The adapter can create tables and add missing columns. For existing tables with rows, new non-null schema columns are added nullable because no default/backfill value exists. Use migration tooling instead when schema changes require review, backfill, or destructive changes.

DLQ and poison writes

Use PostgresDLQSink when failed records should be inspectable through SQL and participate in database backup, retention, and access controls.

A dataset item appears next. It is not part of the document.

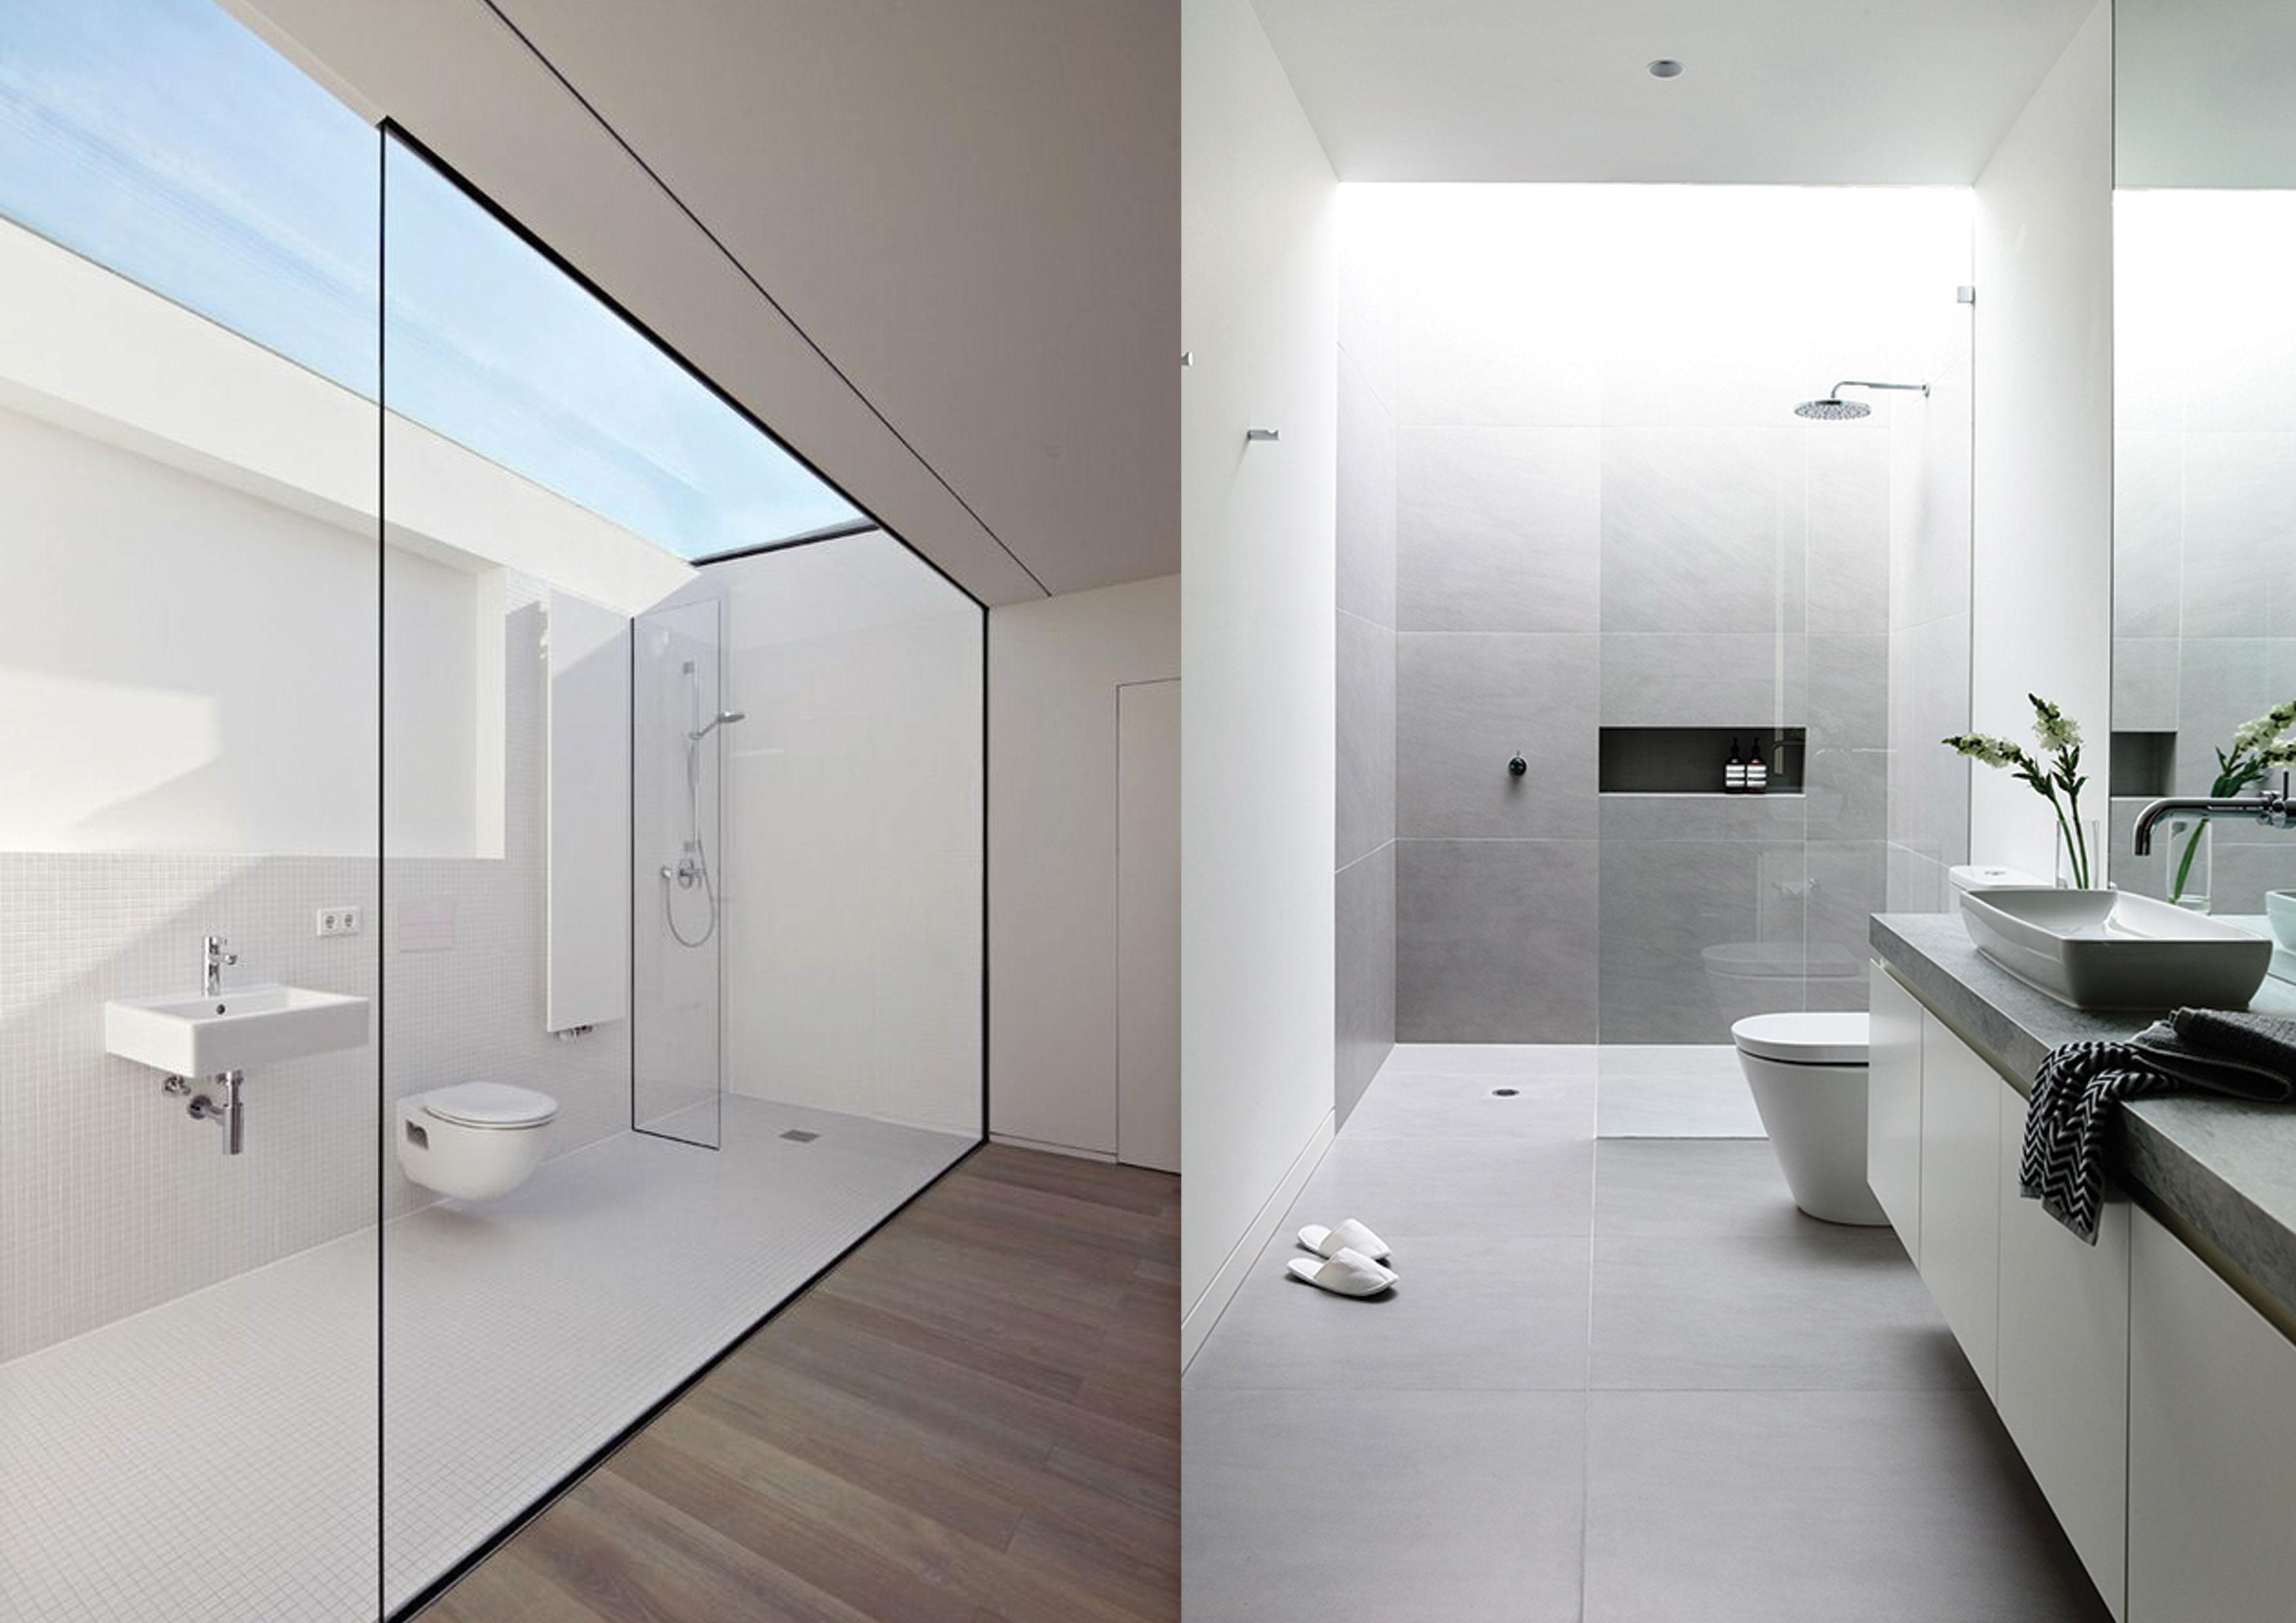 Badkamer Installateur Tips : Tips voor een nieuwe badkamer trendy de mooiste spiegels voor

from agora import DeliveryConfig, Pipeline
from agora_plugins.postgres import PostgresDLQSink, PostgresSink, PostgresSource


dlq = PostgresDLQSink(
    dsn="postgresql://app:secret@localhost:5432/app",
    table="ops.agora_dlq",
)

sink = PostgresSink(
    dsn="postgresql://app:secret@localhost:5432/app",
    table="processed_events",
    row_mapper=lambda record: record,
    conflict_key="id",
    poison_record_sink=dlq,
    poison_record_pipeline_id="orders-postgres",
)

summary = await (
    Pipeline(
        PostgresSource(
            dsn="postgresql://app:secret@localhost:5432/app",
            query="SELECT id, payload FROM inbox ORDER BY id",
            row_mapper=lambda row: row,
        )
    )
    .build(sink, config=DeliveryConfig(batch_size=100))
    .run()
)

Sink write failures are classified as schema drift, constraint violation, type mismatch, or unknown. When a poison DLQ sink is configured, failed buffered rows can be routed with that classification metadata.

Observability

PostgreSQL components expose:

  • source health snapshots and recovery-contract snapshots
  • source/sink/DLQ metrics snapshots
  • sink latency histograms for connect, pool acquire, and flush
  • Prometheus text rendering through PostgresPrometheusExporter
  • acceptance reports with threshold objects

Production checklist

  • Back every conflict_key with a real unique constraint or primary key.
  • Use copy_merge for large upsert-heavy loads and copy only for append-only loads with upsert=False.
  • Keep source queries ordered by checkpoint fields.
  • Use server_side fetch for large reads that should not materialize the whole result client-side.
  • Prefer sslmode="verify-full" unless deployment policy owns the override.
  • Use read_routing and max_replica_replay_lag_s deliberately in HA setups.
  • Use PostgresSchemaAdapter only when automatic additive schema changes are acceptable.
  • Use PostgreSQL DLQ when operators need SQL filtering, retention, backup, and audit over failed records.

Boundaries

PostgreSQL is the right fit when records are naturally relational, operators debug through SQL, or replay state belongs in a database table.

It is the wrong fit when the workload is primarily event transport, when table shape changes faster than migrations can govern it, or when the pipeline needs a broker rather than an operational store.